Cultivating this feeling of destabilizing powerlessness is intentional.
I don’t have any really good advice for you, other than to take care of yourself. Think about who you follow and what you read. You don’t have to weigh in on every terror or tragedy — honestly, screw people who suggest that if you don’t, you don’t care. Performative meme-sharing isn’t the only form of revolutionary praxis. Really. I promise. The future of the planet does not depend on your clicks. We’ve got a long four years (at least) ahead of us.
We can have our eyes wide open, and we can bow our heads, close our eyes, and breathe.
I’m preparing a presentation I’ll be giving in a couple of weeks to a group of NYC principals, and so I'm rereading some of my old talks, trying to recall what it's like to stand up in front of a crowd of people and be smart and engaging. And funny thing: these old talks are full of references to AI.
I mean, of course they are. I'm repeating myself, as it was only a week or so ago that I invoked Rip Van Winkle to remind you: the portrait above the pub door used to be King George and now, upon waking from a lengthy slumber, it’s President George — but at the end of the day, what’s the difference?! It's still George.

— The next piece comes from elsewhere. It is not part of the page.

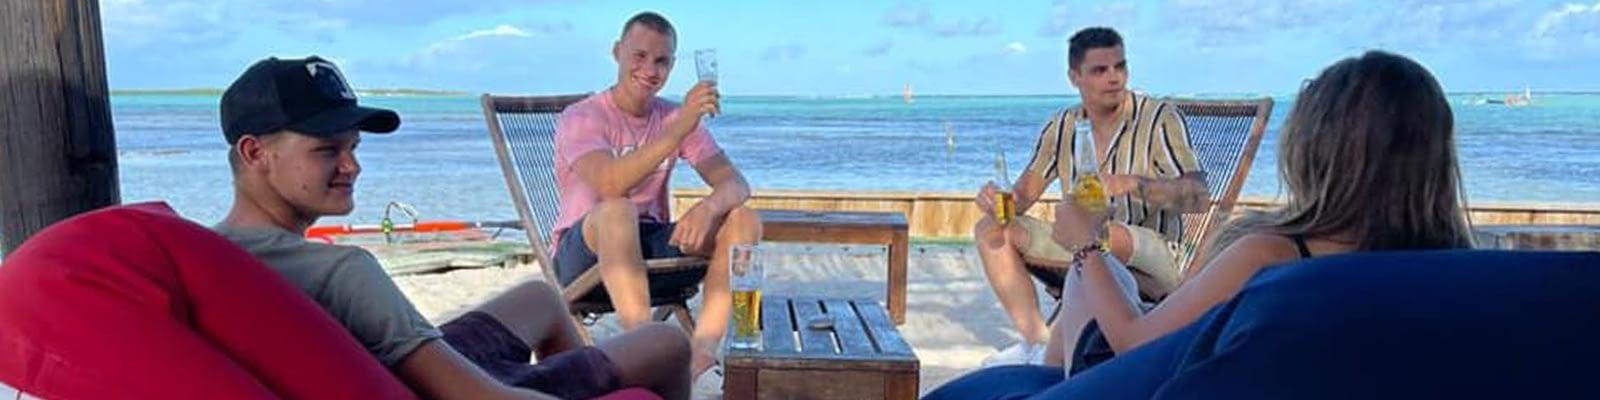 sebastians-beach-bar-restaurant-bonaire-slider-2

A decade ago, folks were giddily predicting that Knewton's "mind-reading robo-tutors in the sky" and robot-essay graders and IBM Watson and MOOCs-as-self-driving-universities were poised to change education forever. Hell, for seventy-five years now, we've been told that artificial intelligence is almost just about to utterly transform teaching and learning. Soon. Someday. And now, now, it’s for real. But I'm flipping the pages of the calendar backwards and forwards and thinking it sure seems, based on this long history, that we have time to move thoughtfully – to consider, to be considerate — rather than act as though we don’t have any time (or any inclination even) to think at all.
Again, do note this feeling of destabilizing powerlessness that many AI proponents seek to conjure: this story that the world is changing more rapidly than ever before, that this technological change is unprecedented and unavoidable, that you must adopt AI now or you’ll be left behind, that their vision of the future is the only one that offers certainty, security, and safety.
Everything that needs to be said has already been said. But since no one was listening, everything must be said again. — Andre Gide
In the final days of the Biden Administration, the FTC finalized updates to COPPA, but there’s no comfort, I don’t think, in any protection purportedly offered here.
In the first moments of the Trump Administration, the White House issued an executive order rescinding the 2023 guidance on AI. (Apparently, some of the Week One announcements are AI-generated executive orders — exemplary automated thoughtlessness.) The new administration has scrubbed the content of the old White House website, including this: "The Cumulative Costs of Gun Violence on Students and Schools."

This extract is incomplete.